* **Action item**
Without any images, write the data out exactly as it appears.

* **Data segment**
╔══
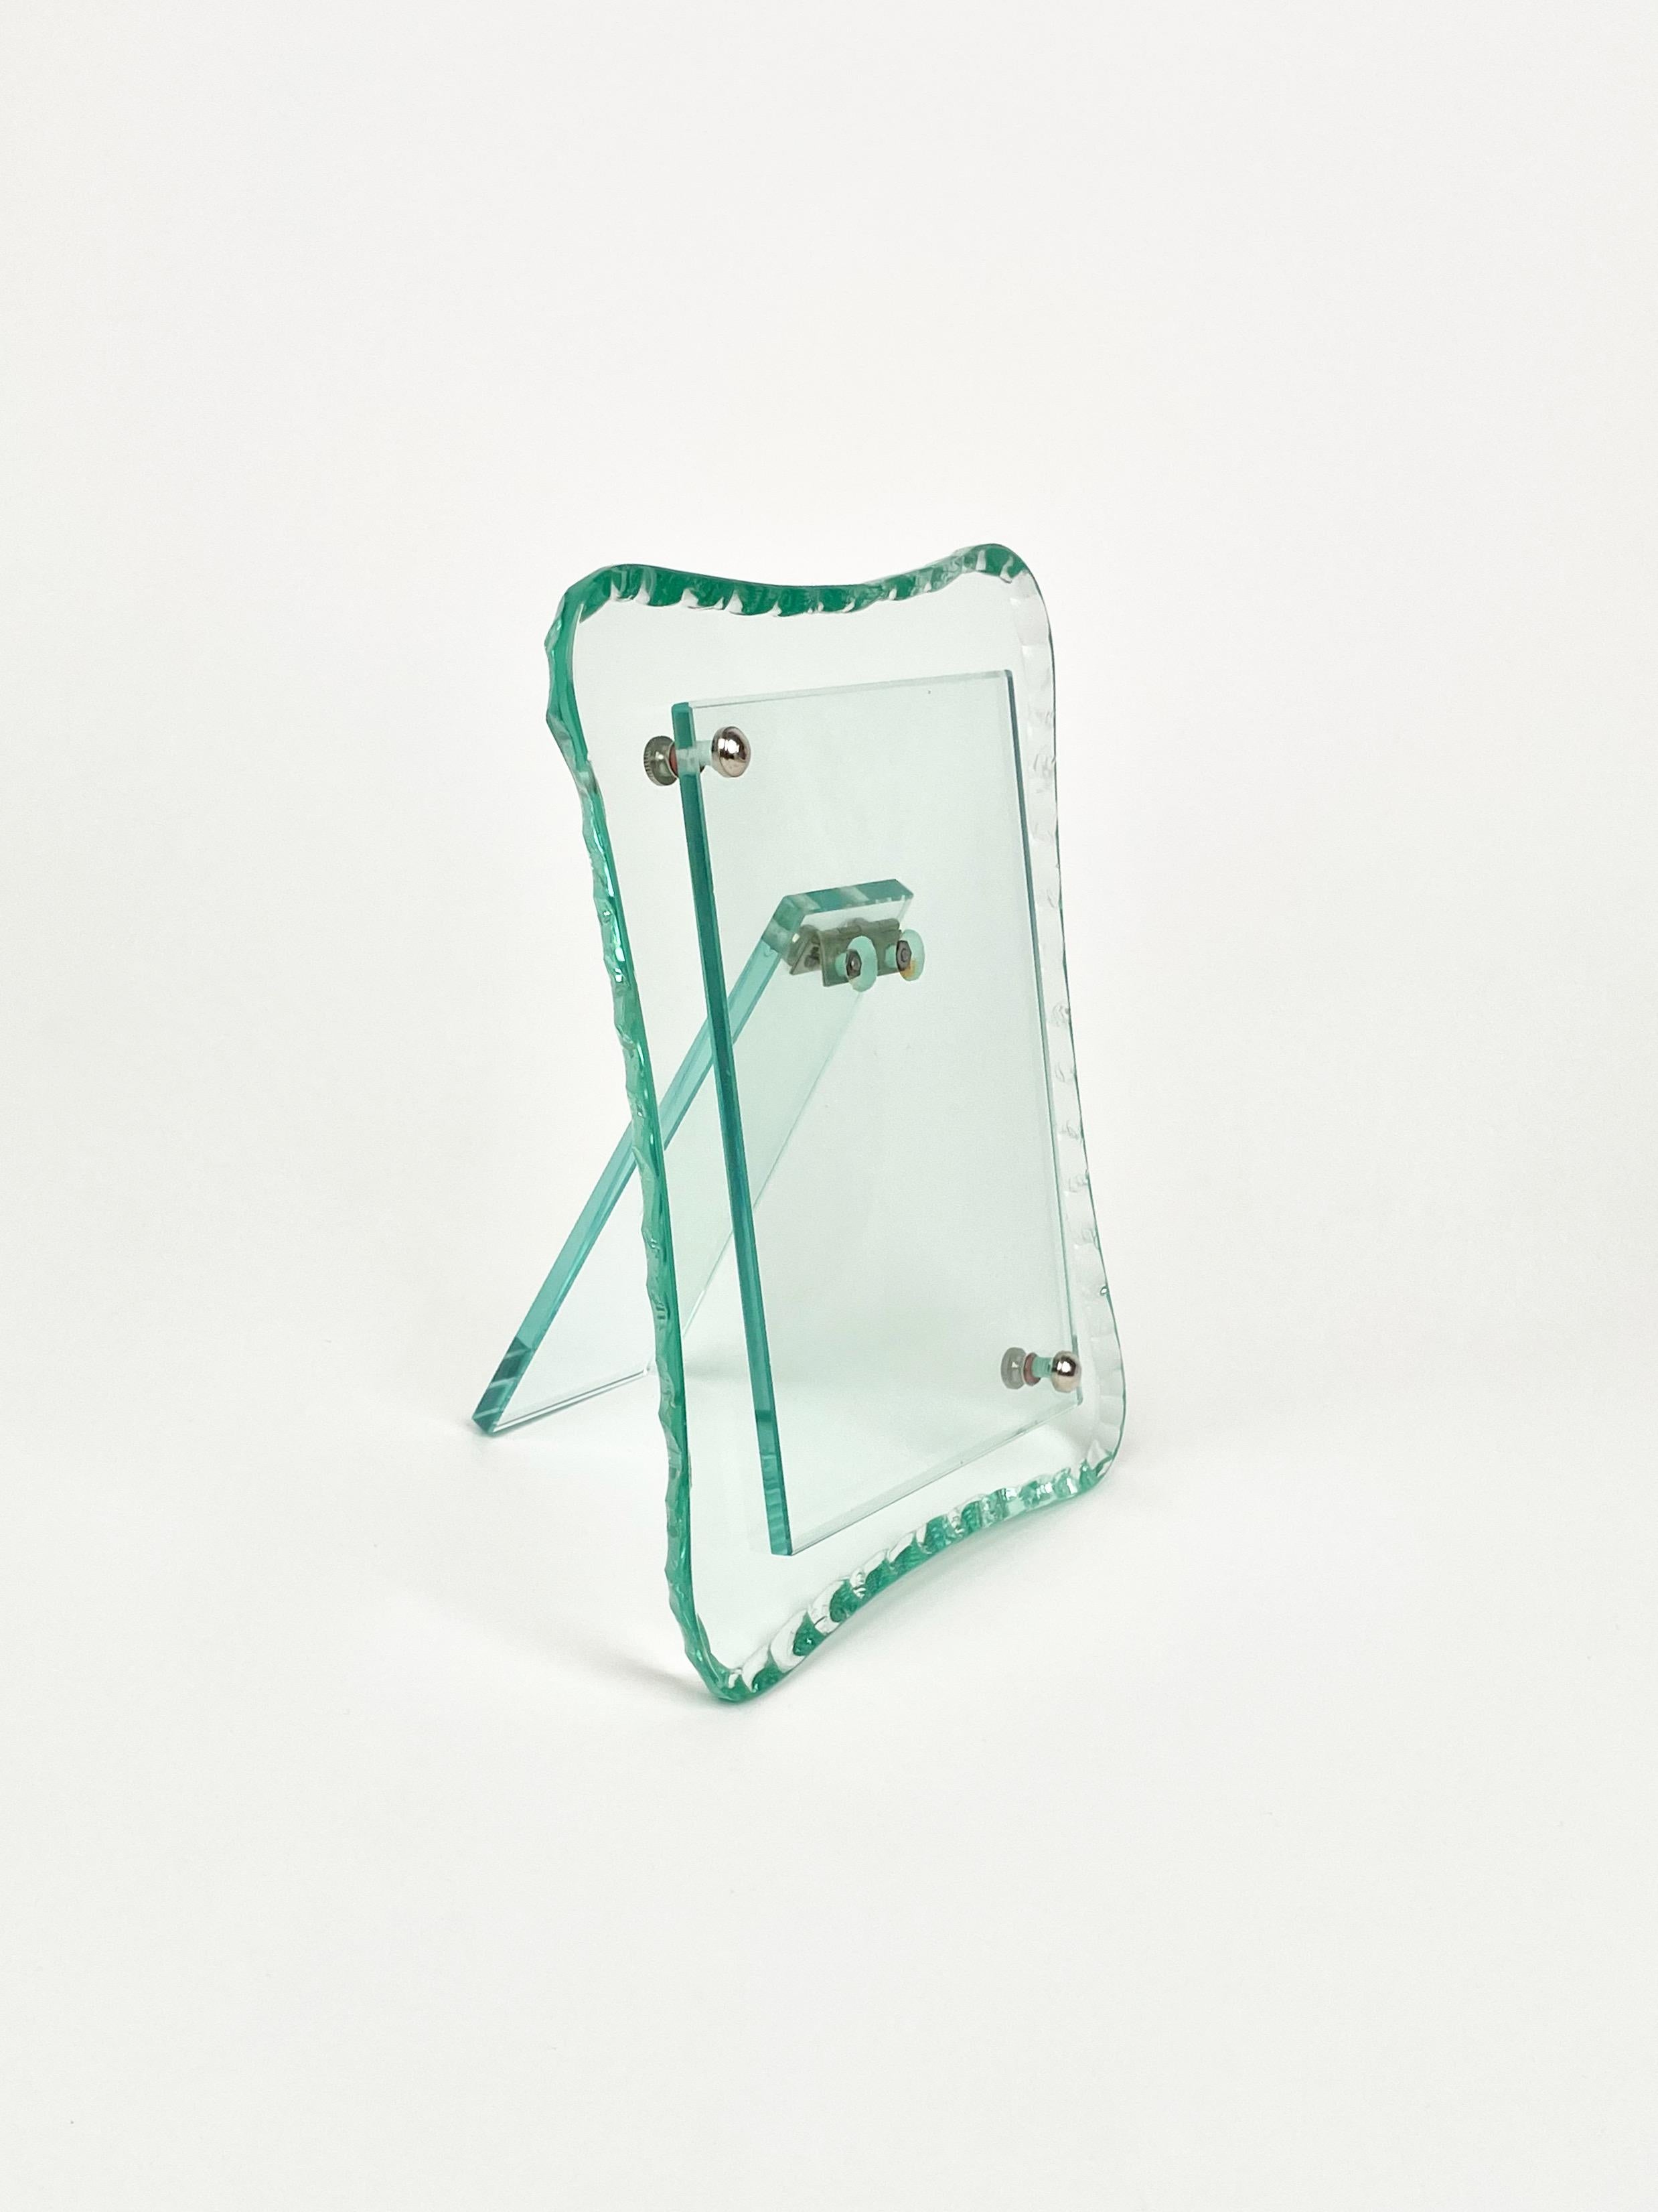 Rectangular picture frame in green glass decorated with chiseled edges and two silver metal buttons attributed to Fontana Arte.

Made in Italy in the 1960s.
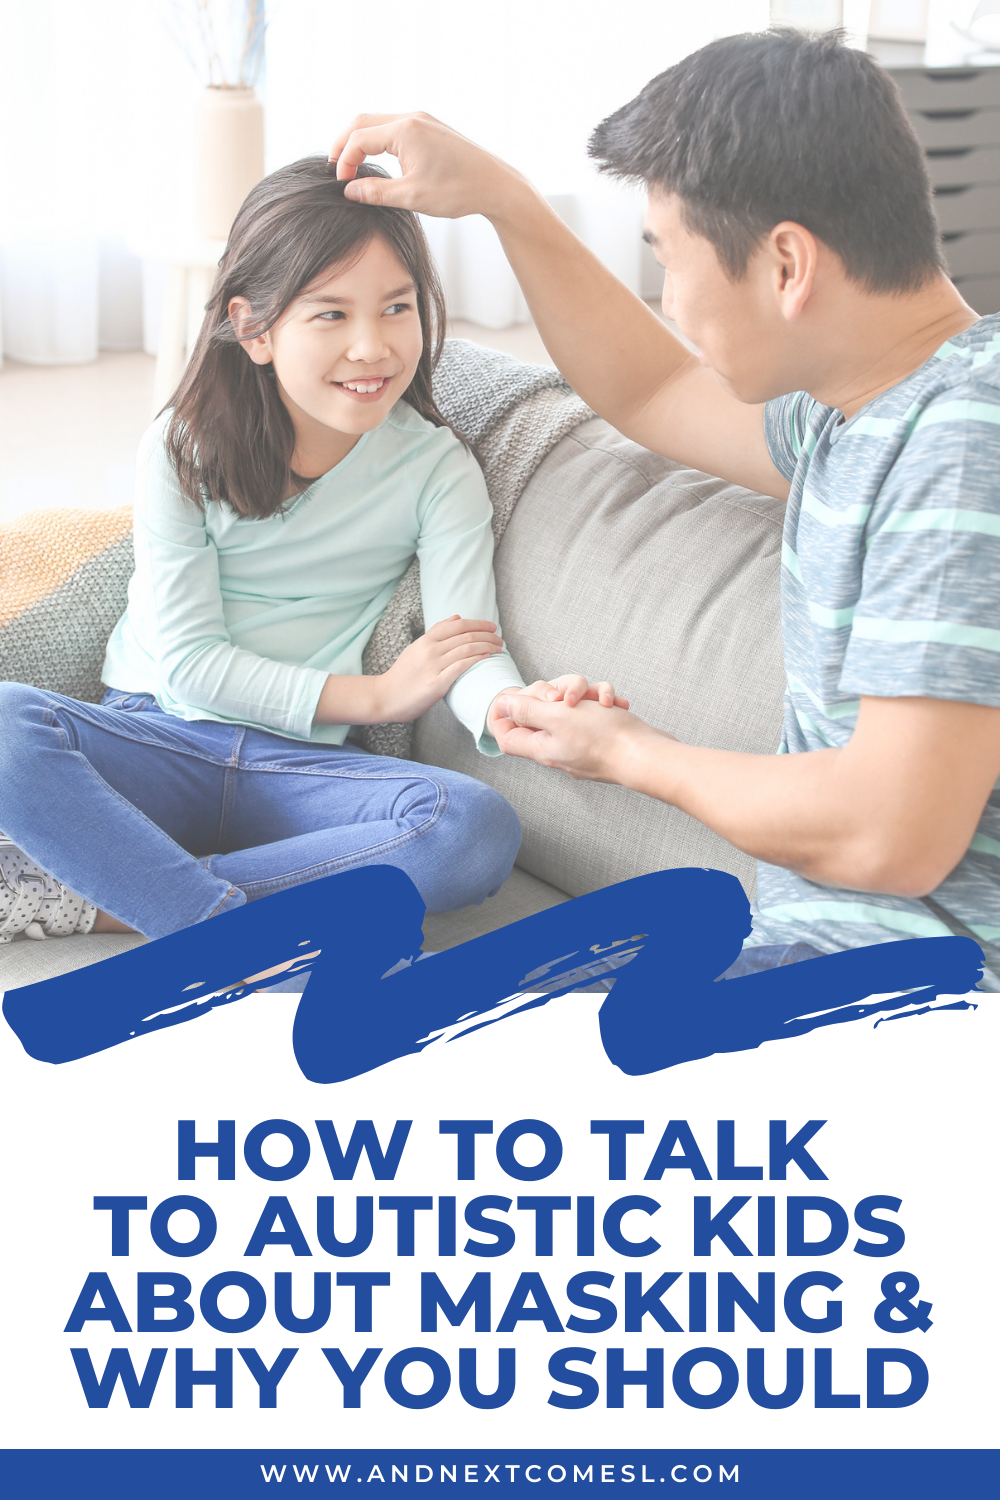 Tips for how to talk to autistic kids about masking and the reasons why you should
╚══
* **Solution**
 Rectangular picture frame in green glass decorated with chiseled edges and two silver metal buttons attributed to Fontana Arte.

Made in Italy in the 1960s.
 Tips for how to talk to autistic kids about masking and the reasons why you should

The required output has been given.